Ethereum 2.0 can be disrupted with small crypto stake, researchers find
Any future Proof-of-Stake (PoS) Ethereum blockchain would be vulnerable to three different types of attack, according to a new paper from Stanford University and the Ethereum Foundation.
Ethereum now runs on a Proof-of-Work (PoW) consensus algorithm but plans to make the leap to PoS sometime next year. This is nearly a half-decade since lead brain Vitalik Buterin first floated the idea.
But according to the report, titled Three Attacks on Proof-of-Stake Ethereum, the long-awaited ETH 2.0 may not be quite as secure as previously thought.
The paper was originally published on October 19, Bitcoin News noted, but gained wider attention when it was shared on Twitter last weekend.
According to the paper, scientists from Stanford and the Ethereum Foundation combined two already-outlined attacks.
They refined the techniques used to create what they call a “particularly severe” third potential exploit.
“Combining techniques from both refined attacks, we obtain a third attack which allows an adversary with vanishingly small fraction of stake and no control over network message propagation (assuming instead probabilistic message propagation) to cause even long-range consensus chain reorganizations,” said the researchers.
Most glaringly, the paper suggests that one bad actor would only need to control 19 validating nodes to exact a “re-organization attack” on the blockchain. This would allow transaction rollbacks and censorship.
Ethereum’s Proof-of-Stake still a work-in-progress
This third attack is particularly dangerous for PoS Ethereum for three reasons, according to the paper’s authors.
- So-called “honest-but-rational” validators could use attacks like this to boost their MEV payouts and transaction fees.
- They could delay block confirmation, affect the user experience, and decrease trust in the protocol.
- Attacks like this can reduce the throughput of the consensus layer to the point where not enough votes can be processed.

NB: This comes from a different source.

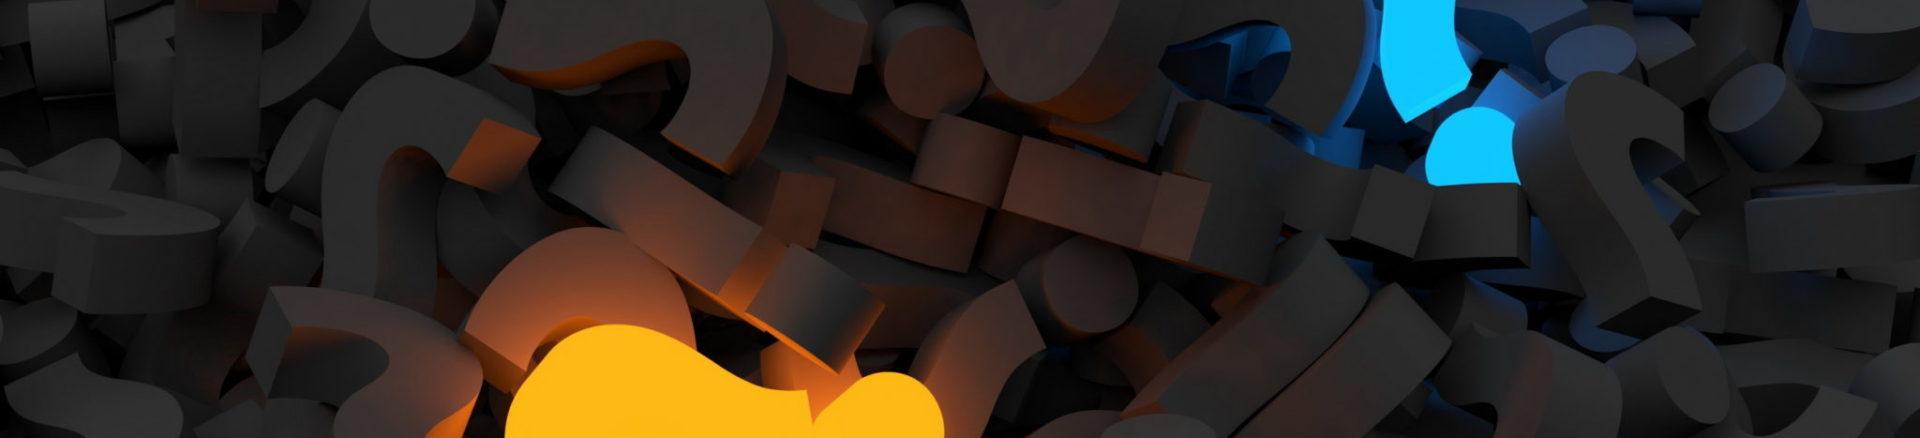 Werbeartikel Werbegeschenke Giveaways Streuartikel Sonderproduktion Werbung Wahl Haag NÖ Amsteten

Overall, this reduces resilience against adversarial validators and jeopardizes the proper functioning of PoS-powered Ethereum.
The authors then detail how an “ideologically motivated” validator could use this attack to increase profits or stall the protocol. This would compromise Ethereum’s overall security.
[Read more: OPINION: Ethereum is making the same mistakes as the Bitcoin hard fork attempts]
Ethereum’s jump to PoS is still in preparation — and no blockchain is entirely resistant to potential attack.
However, this paper clearly shows that ditching Proof-of-Work brings about unique challenges for the Ethereum ecosystem, as well as Buterin and his team.